Соседи Попкова не были случайными — руководство иркутского ФСИН позволило сотрудникам «маньячной группы» подобрать Попкову сокамерников, чтобы с их помощью настроить преступника на сотрудничество. Почти все, кто сидел с Попковым, были бывшими сотрудниками силовых ведомств, обвиняемыми в тяжких преступлениях: с одной стороны, они следили, чтобы он ничего с собой не сделал, с другой — пытались его разговорить и понять его настроение. По словам Дубынина, в таких делах это обычная практика.
«Он выглядел обеспокоенным, подавленным, в первый день ни с кем не разговаривал, — описывал потом Романов свою первую встречу с Попковым. — Его одежда и обувь были целыми, чистыми, на лице и теле никаких телесных повреждений не было. Он и дальше за собой хорошо следил, один раз взял у меня крем, так истратил столько, как будто на танцы собирался».
До ареста Романов занимался ремонтом и перегоном машин из Мурманска в Санкт-Петербург, и мужчины быстро нашли общий язык — Попков восторженно рассказывал коллеге про быстрые, мощные и напористые машины «Субару», которые полностью соответствуют его характеру. С другими сокамерниками контакт было найти сложнее — с одним из них Попков даже начал ругаться, а Романов за него вступился, чтобы не случилось драки. После этого случая Попков стал еще больше общаться с Романовым, выясняя у него, как правильно себя вести в тюрьме, чтобы избежать конфликтных ситуаций. Со временем он рассказал и о том, в чем его обвиняют, и начал изучать взятый у приятеля уголовно-процессуальный кодекс; особенно — статьи про сроки давности и смягчающие обстоятельства.

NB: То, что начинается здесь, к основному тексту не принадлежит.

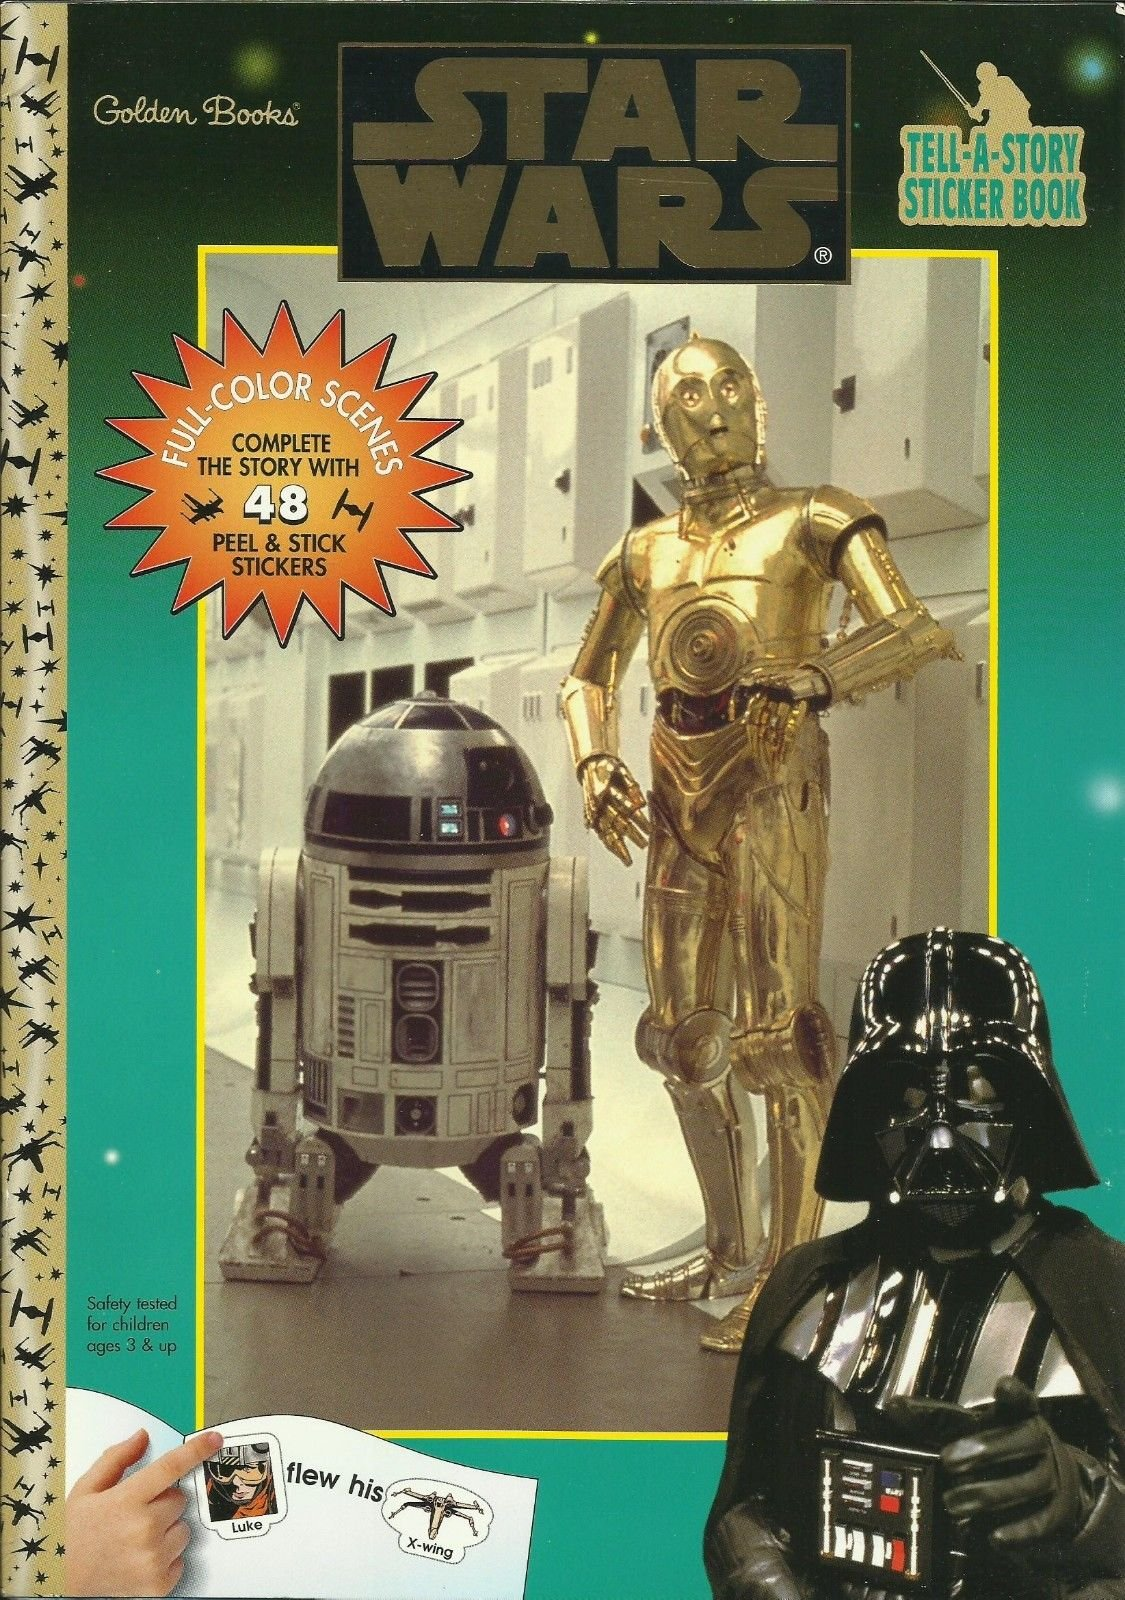 Star Wars Tell-a-Story Sticker Book

Первый допрос Попкова проводил следователь Василий Доморадов. Бывший милиционер воспользовался 51-й статьей Конституции и отказался давать показания. Спустя неделю, 3 июля 2012 года, он сознался в трех предъявленных убийствах: Елены Дороговой, Татьяны Горелиной и Елены Машневой — на телах этих женщин был найден его генотип. Машневу милиционер убил в декабре 1997-го: она шла в магазин, он остановился рядом и предложил выпить вместе, они поехали за город и занялись сексом (следы спермы Попкова потом найдут во влагалище и в полости рта Машневой), после чего девушка сообщила, что у нее есть венерическое заболевание. Попков пришел в ярость и убил ее, ударив по голове бильярдным кием, который он до того подобрал на улице, чтобы изготовить из него рукоятку для молотка. Еще через несколько месяцев этот кий сломался, когда Попков поехал на вызов и ударил им уличного хулигана, который попытался скрыться с места преступления.

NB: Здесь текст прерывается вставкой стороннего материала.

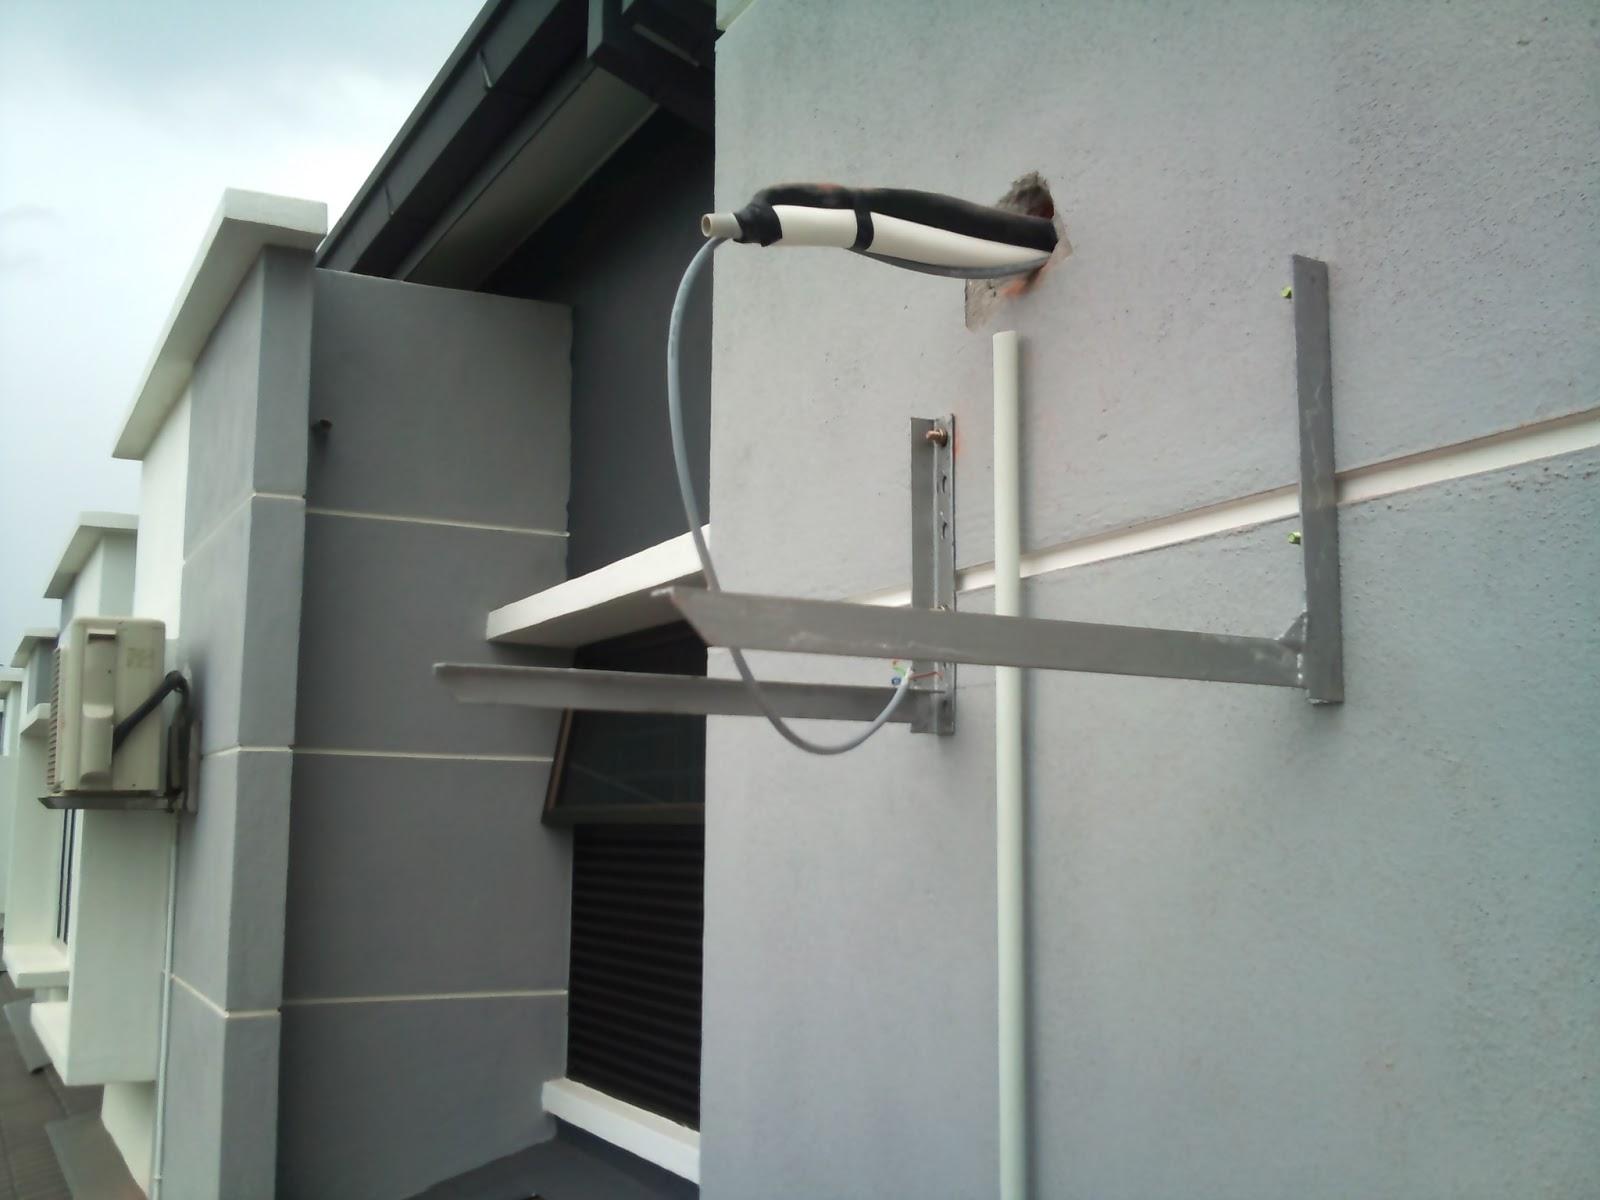 Wiring  U0026 Aircon Service  Sungai Petani   Pasang Air Cond

Говорить со следователем Попков согласился при одном условии: допрос не снимался на камеру и не записывался на диктофон. Убийца опасался, что его рассказ попадет в СМИ, — говорил, что заботится о безопасности и благополучии семьи.
После третьего допроса у следователей было уже 14 признаний в убийствах. Тогда же преступник впервые рассказал о «дежурном» — именно так он выразился — вопросе, который он задавал всем своим жертвам: почему женщина идет по городу ночью одна и может ли он ее подвезти?
Попков сказал следователю, что готов взять на себя и другие убийства женщин в Ангарске и Ангарском районе, но обстоятельства их совершения сообщить пока не может. «Самостоятельно я не способен что-либо вспомнить, — заявил он. — Все мои попытки вспомнить что-то конкретное заставляют меня страдать, вызывают желание покончить жизнь самоубийством. Но я не исключаю, что смогу что-то вспомнить под воздействием медицинских препаратов, путем погружения в гипнотическое состояние либо путем воздействия на мою память с целью активизации работы моего мозга».
Эти формулировки для Попкова, по словам Артема Дубынина, придумал следователь Василий Доморадов. Зачем ему это понадобилось, оперативник не может понять до сих пор: «Для меня это тоже было дико. Если человек признается, это надо фиксировать, а не оставлять ему место для маневра».
Через несколько недель после задержания, в середине июля 2012 года, Попкова стали вывозить на места убийств для проверки показаний. За день могли объехать три-четыре локации, на некоторые пришлось несколько раз возвращаться для уточнения деталей. Следователь расспрашивал Попкова обо всех обстоятельствах: в какой части города он встретил жертву, во что она была одета, почему он решил ее убить, какое оружие для этого использовал и как наносил удары.
Выглядели эти диалоги примерно так.
— Вы сюда заехали с ней для чего? Что вы хотели сделать? — спрашивал следователь.
— Я ничего от нее не хотел, я ее убил здесь, — отвечал Попков.
— То есть что вы хотели здесь сделать?
— Произошел конфликт на почве личной неприязни, я ее убил. В половую связь с ней я не вступал, одежду и вещи не забирал.
Во время этих поездок на местах убийств были найдены топоры и отвертки, которыми Попков наносил смертельные удары, а также личные вещи жертв, пустые бутылки из-под алкоголя, дата изготовления которых совпадала со временем совершения убийства, а главное — скелеты и останки убитых женщин. Все это оставалось нетронутым на протяжении полутора десятков лет. И каждый раз убийца точно вспоминал место, где подобрал жертву, автомобиль, на котором он тогда ездил, внешний вид и одежду женщины, что они пили, а также оружие, время и точное место самого убийства. Это касалось и тех преступлений, о которых не знали и следователи: когда на одном из выездов был найден осколок черепа, в деле появился еще один эпизод.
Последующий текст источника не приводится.